Remember this time last week when most of us weren’t even aware of the existence of James Toback?
What a wonderful time that was.
Yes, that ignorance sure was bliss, but since early last week, we’ve heard story after story about Toback, the man behind films like Two Girls and a Guy, The Pick-Up Artist, and Bugsy.
And those stories were just completely horrific.
At this point, over 300 women in the industry, including very famous actresses like Rachel McAdams and Selma Blair, have come forward with claims that Toback sexually assaulted them, or attempted to assault them.
Just think about that for a moment: over 300 women, all with a story to tell about this guy.
Selma Blair said that she met with Toback when her career was just starting to take off, and that he requested she come to his hotel room to discuss a possible role in one of his movies, Harvard Man.
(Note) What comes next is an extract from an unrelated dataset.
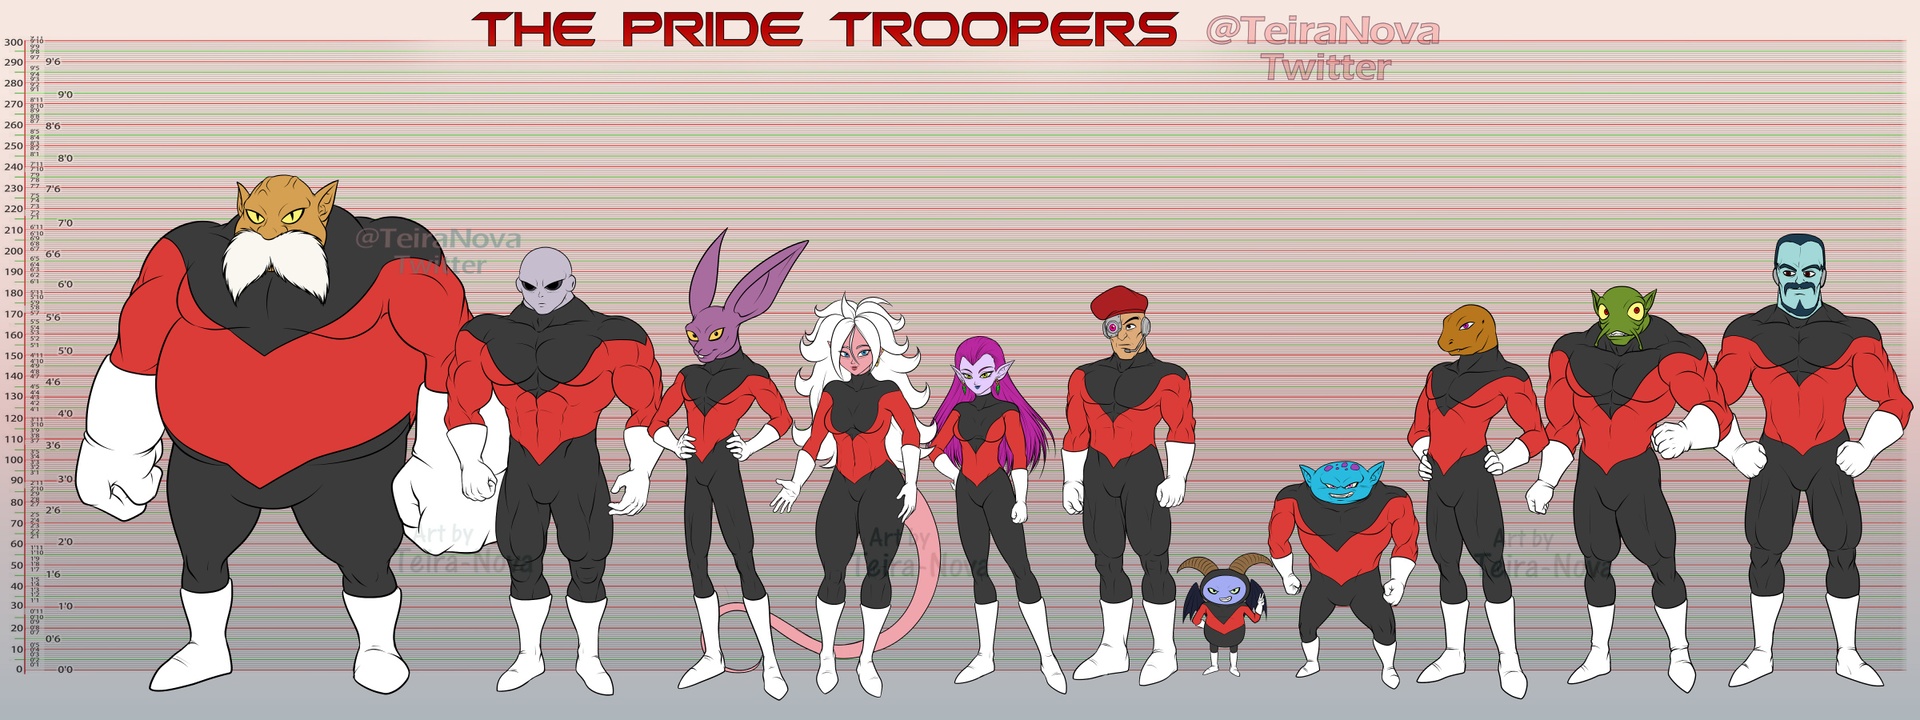 Height chart - Pride Troopers.jpg

After a bit of conversation, he asked her to perform a monologue naked, and, being intimidated and scared, she agreed. He touched himself while she did the monologue, then asked her to sleep with him.
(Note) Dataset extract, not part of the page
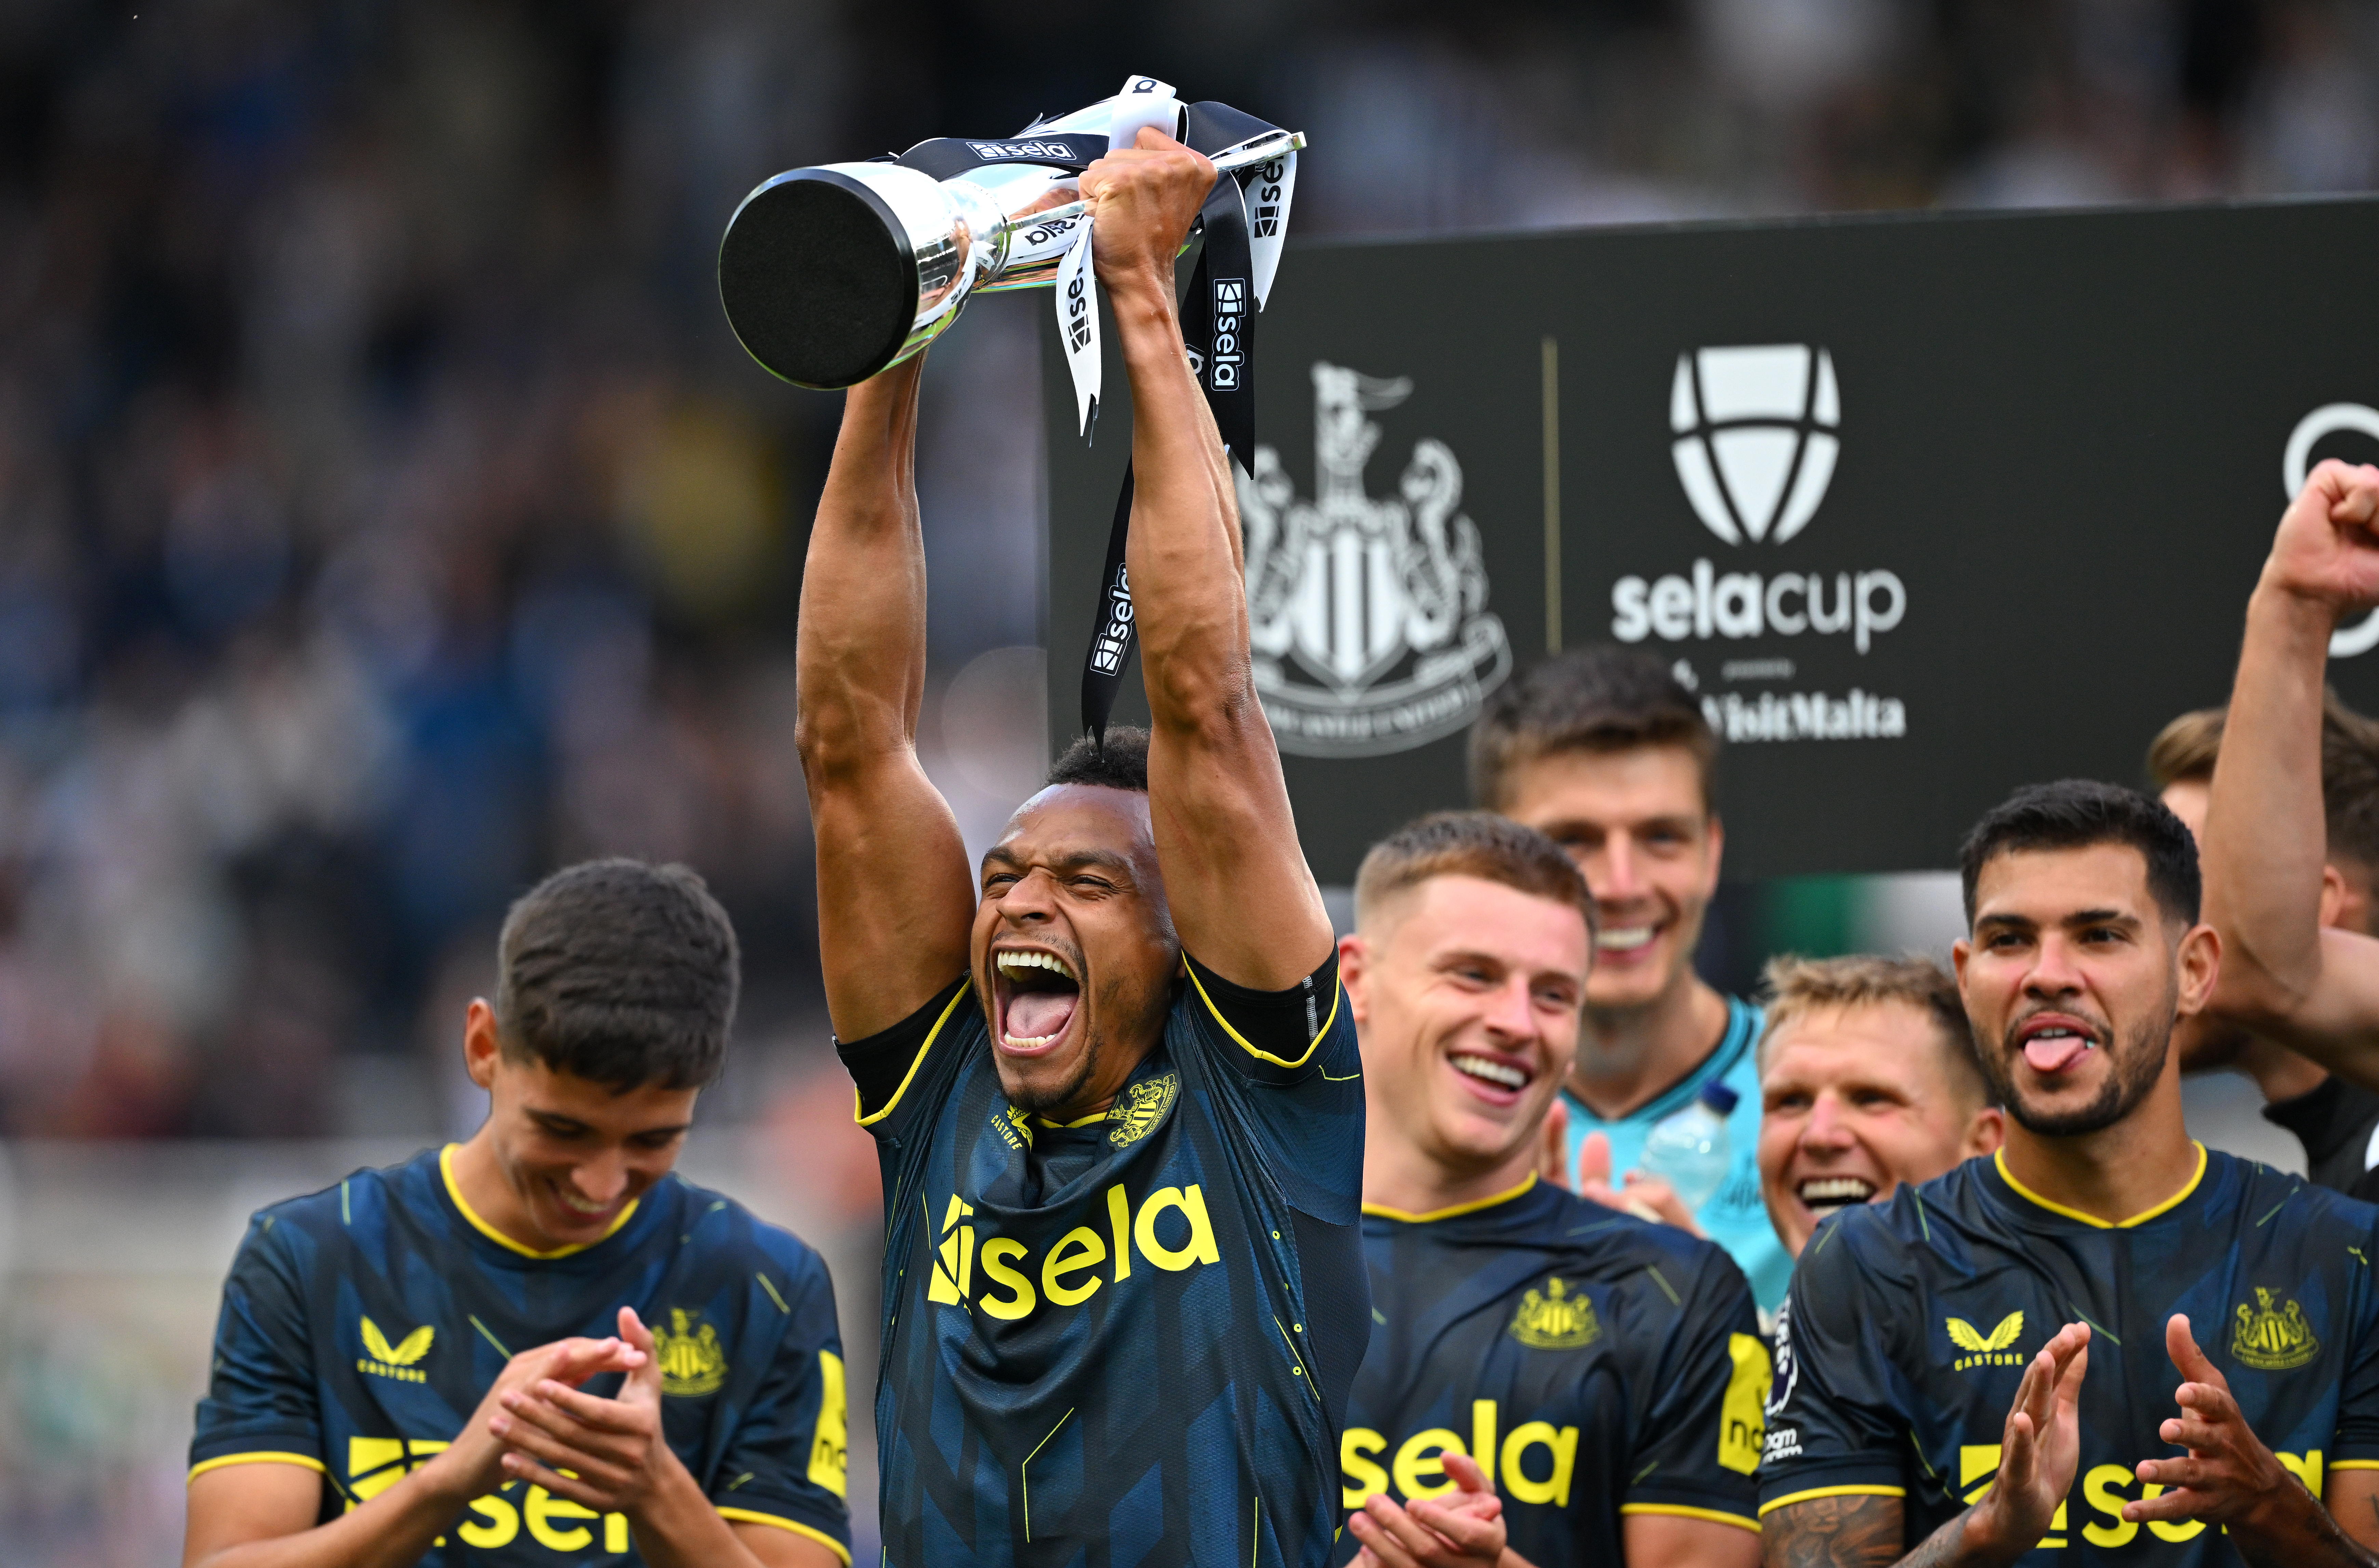 Newcastle gewann den Sela Cup nach einem 4:0-Sieg gegen Villareal

She refused and tried to leave the room, but he blocked her way and threatened her until she allowed him to hump her leg — something he greatly enjoys doing, based on the other women’s stories.
Actresses Ambika Leigh and Sari Kamin, two of the first people to come forward with their accusations, claimed that he set up professional meetings with them that soon turned sexual and that ended with him humping their legs.
So how is Toback dealing with all this? Is he simply laying low, hoping everything blows over? Did he pull a Harvey Weinstein and fly off to a rehab/resort for a week?
Nope, it turns out that he’s just going the “be nasty and cruel in a vulgar public statement” route.
In an interview published by Rolling Stone, Toback was asked about the recent allegations during a phone call, and he denied everything in spectacular fashion.
“Lemme be really clear about this,” he said. “I don’t want to get a pat on the back, but I’ve struggled seriously to make movies with very little money, that I write, that I direct, that mean my life to me.”
“The idea that I would offer a part to anyone for any other reason than that he or she was gonna be the best of anyone I could find is so disgusting to me,” he continued.
“And anyone who says it is a lying c–ksucker or c–t or both. Can I be any clearer than that? … Anyone who says that, I just want to spit in his or her f-cking face.”
“By the way,” he added, “no one who’s ever worked with me would ever say anything like that. No one.”
Then he bizarrely mentioned that Sienna Miller, the star of his latest movie, was sitting right next to him. She spoke with the reporter for moment in an off-the-record conversation — no public defense from her — then Toback took back the phone.
“No, seriously, I find it offensive and insulting and disgusting, that people …” he trailed off.
“Because it’s the opposite of the way I work. I don’t give my best friends parts unless they deserve them. Ever.”
Which is a weird thing to say, because that’s not exactly what he’s being accused of. These hundreds of women didn’t all go on to star in his movies, you know?
The interviewer pointed that out, that he’s mostly being accused of discussing work with women before getting them in a private setting and humping their legs.
Toback responded to that by asking the reporter to give him one name, and he did — Ambika Leigh’s name.
He said that Ambika’s story “is a total lie,” and that he never even heard of her before, “and believe me, I would remember it, because it’s a very unusual name.”
“This is just too stupid,” he went on. “I mean, these are people I don’t know, and it’s things I never would have done. And it’s just not worth talking about. It’s idiotic.”
He said that these women “hear each other. And they gang up … It’s all, you know, me too, me too, me too, me too, me too.”
“Anyway, it’s too stupid to waste time on. It really is. It doesn’t have anything to do with my life in any way. It never has. I work seriously with complete integrity.”
He went on to call the allegations “too stupid to dignify,” “pathetic lies,” and “too f-cking embarrassing and idiotic.”
Another interesting layer to this conversation? The reporter’s own wife had a story about Toback — when she was in high school, he tried to discuss a movie with her before turning the conversation to her pubic hair.
It’s just wild, because it’s like this jackass sincerely believes that we’ll buy all this, that hundreds of women just decided to “gang up” and make up tales about how he humped their legs.
The vast majority of the people working in Hollywood don’t deal with this kind of thing.
There’s the occasional Harvey Weinstein or Bill Cosby, but it’s not normal for this many people to accuse you of these very specific things if there’s no truth at all in those accusations.
Also, if your response to many, many people accusing you of doing horrific things is to call them “lying c–ksuckers and c–ts” … is there any hope left at all for humanity?